To do this, we will go to the custom metric section in SQL Monitor.
We add a new metric, which is designed to run our check procedure. The load/remove are processes that we run manually when we decide we've changed something and need to reset a baseline. Here are the values I'd set for the custom metric. I give it a name and specify the stored procedure to query. I also limit this to the DBAAdmin database, as that's where I run this from.
Note: I'd want this same database to be on every instance.
The important part of this process is to not check the calculated measure. We want to know when this is different from the baseline, not the change in the value. Really, any value above zero is an issue for us. If we like a change, we should reset the baseline.
I also set this for every minute. I expect rare changes, and really once a day usually is good enough for me, but you can decide what matters to you. Perhaps you only set this to check once a day.

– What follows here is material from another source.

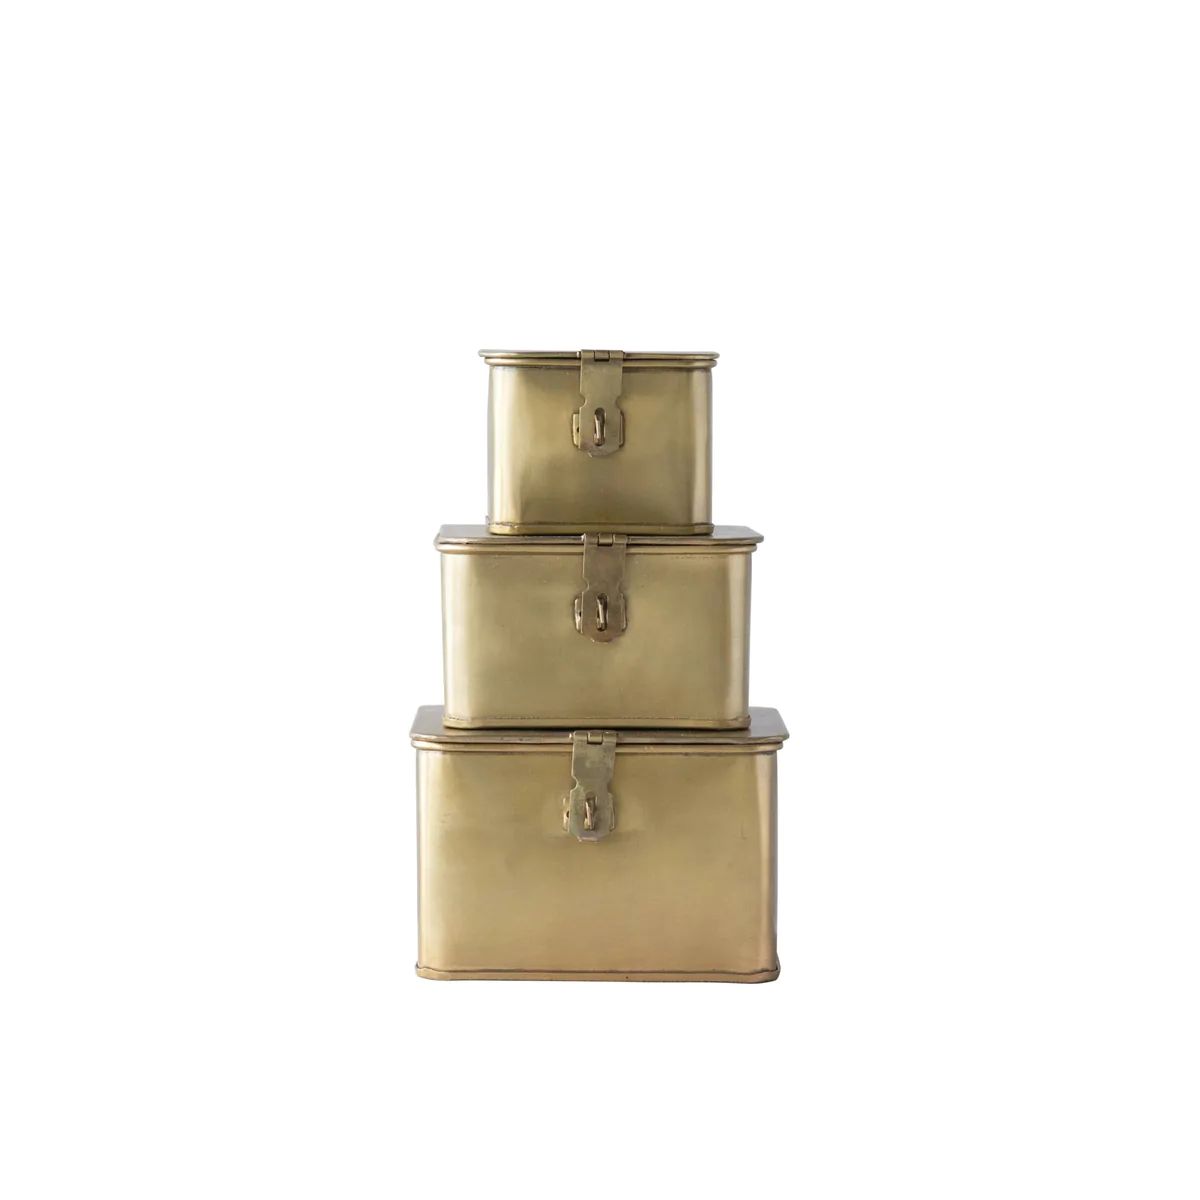 Decorative Brass Latch Boxes, Set of 3 | APIARY by The Busy Bee

In the alerting section, we alert if there is any change. I give the alert a name and description, noting this is a change to the baseline. I then have an alert fire when this changes for any value. I set this as a low priority alert, but you might choose to make this a higher level. Depending on the instance, I might consider this a medium alert. Since many config changes are unlikely to cause an outage, I don't know that I'd set this as a high alert.
Now, I can let this run and then go check the Analysis graph at some point. I should see some data, which is all zeros for the time period before any changes are made.
Now I'll make a change. As shown earlier in the article, I'll change nested triggers. When I do that, I will see a change in the graph. If I reset the value back, it matches the baseline again, and the graph notes this.
If I make a second change, I'll see another marker in the graph. Here I've re-made my nested trigger change and added another update to "allow polybase export". We see two updates in the graph.
My front tile in the Global Dashboard also shows there is an alert (low) that has fired.
The detail of the alert also show my graph for me. This gives me some view into the changes that have taken place and I can confirm my testing of various settings here.
With this information, I can then investigate, check the error log, and more to determine if this change should be allowed.
Summary
This article presents a way that you can capture and detect changes to configuration settings without parsing the error log. This also allows you to capture the audit data over time of changes made to your configuration settings. This also minimizes the data captured by removing all rows that are not needed as audit records. This also avoids the repetition of data by showing many changes made by a DBA that might experiment with settings.
This is not a complete solution for tracking configuration changes, nor is it the best way to implement this monitoring solution. This article shows the name of the setting being tracked, but that's unnecessary. The configuration_id is sufficient for these purposes, and you can join back to sys.configurations for the name if needed. This article also doesn't cover other configuration settings, such as trace flags, database scoped configuration, and other values. However, you can easily duplicate this process for other tables/DMVs as needed.
Third party monitoring systems are valuable, and while they may let you know a change was made, they often may not help you determine what the baseline is, especially if a DBA makes a few changes to test things across a short period. Not all settings are as simple as a 0 or 1 setting, so having a baseline value is important. This article has shown how to integrate SQL Monitor with this tracking, but other systems can likely read this data in a similar manner.